I'm solving the following exponential equation
$$4^{x}-3^{x-\frac{1}{2}}=3^{x+\frac{1}{2}}-2^{2x-1}$$
(My attempt is below)
\begin{align}4^{x}-3^{x-\frac{1}{2}}&=3^{x+\frac{1}{2}}-2^{2x-1}\\\\ 4^{x}+2^{2x-1}&=3^{x+\frac{1}{2}}+3^{x-\frac{1}{2}}\\\\ 2^{2x}+2^{2x}\cdot2^{-1}&=3^{x}\cdot3^{\frac{1}{2}}+3^{x}\cdot3^{-\frac{1}{2}}\\\\ 2^{2x}(1+\frac{1}{2})&=3^{x}(\sqrt{3}+\frac{1}{\sqrt{3}})\\\\ \frac{3}{2}\cdot2^{2x}&=\frac{4\sqrt{3}}{3}\cdot3^{x}\\\\ 3\cdot2^{2x-1}&=4\sqrt{3}\cdot3^{x-1}\\\\ 2^{2x-3}&=3^{x-\frac{3}{2}}\end{align}
It is clear that $$x=\frac{3}{2}$$ is a solution because all exponential functions are equal to 1 when the exponent is 0. But how do I prove it's the only solution? My apologies if it's trivial.

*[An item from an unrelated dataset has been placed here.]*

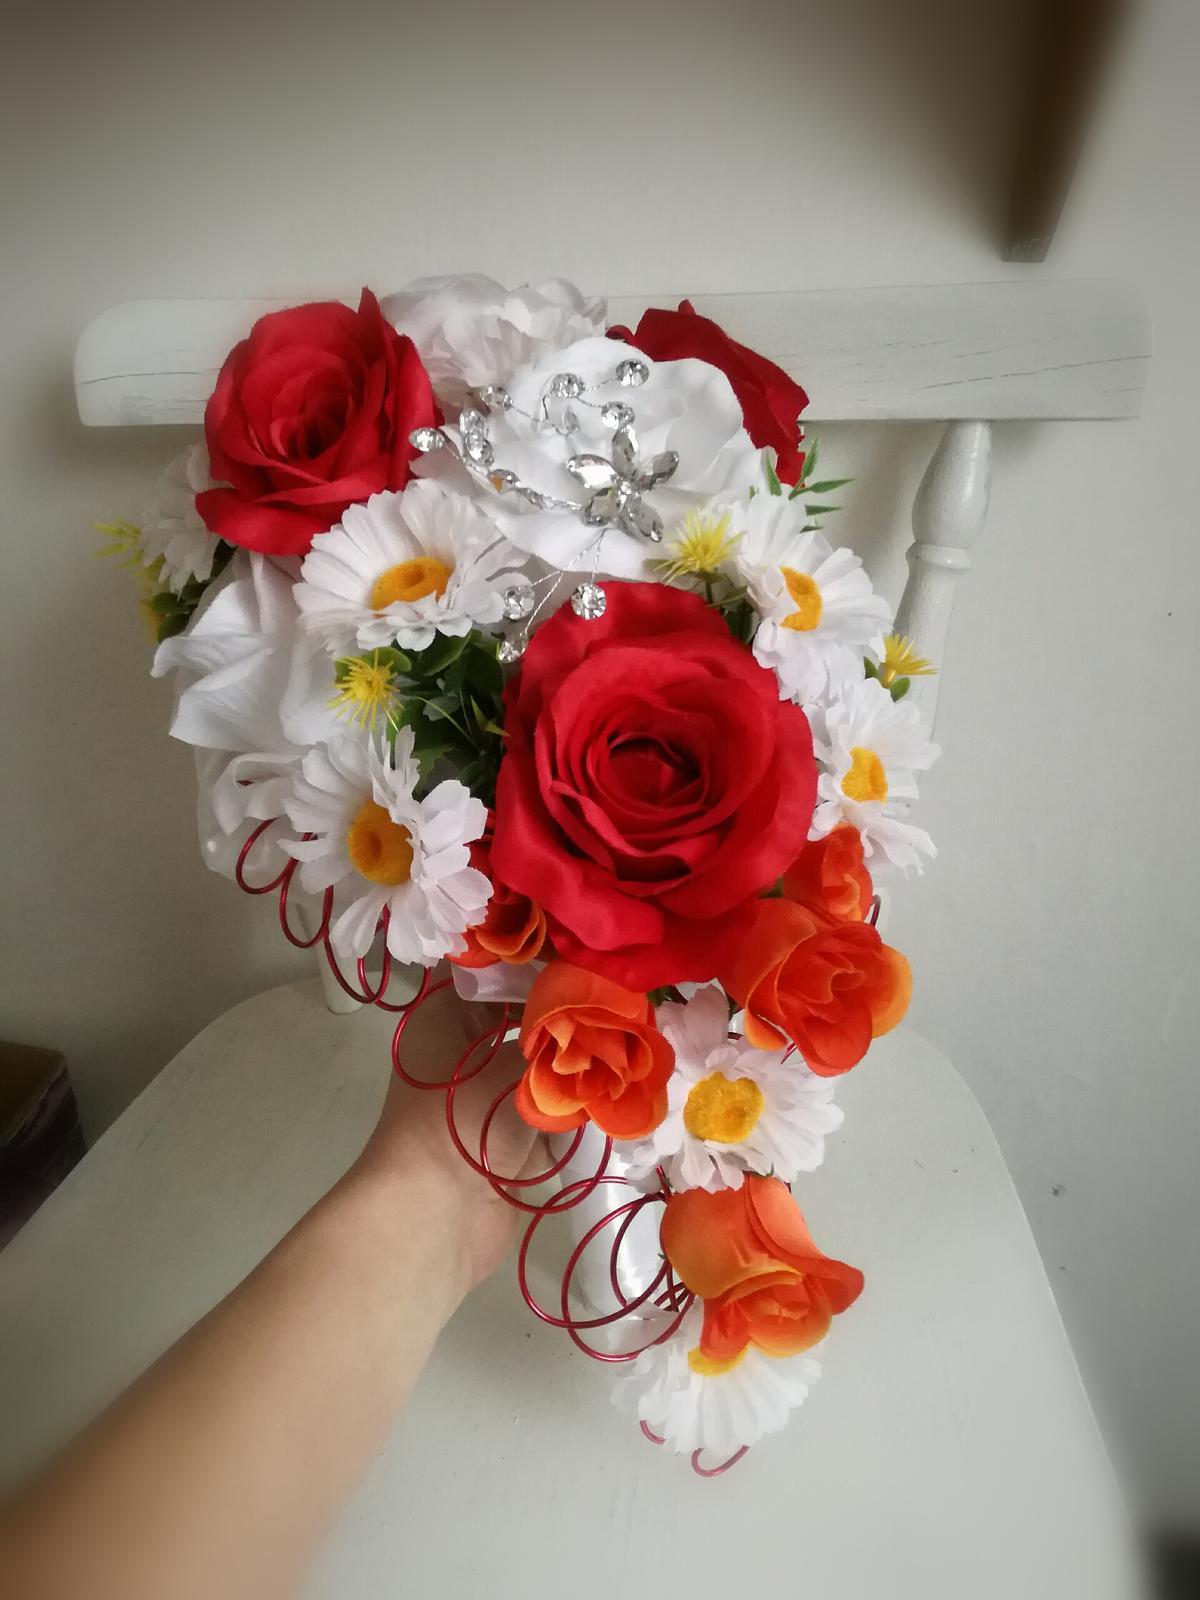 Z umelých kvetov - Obrázok č. 7

Exponential functions are strictly increasing. At $x<3/2$ we have that $3^{x-\frac32} < 2^{2x-3}$ and at $x>3/2$ we have that $3^{x-\frac32} > 2^{2x-3}$. Using these observations We can say that $3/2$ is the only solution.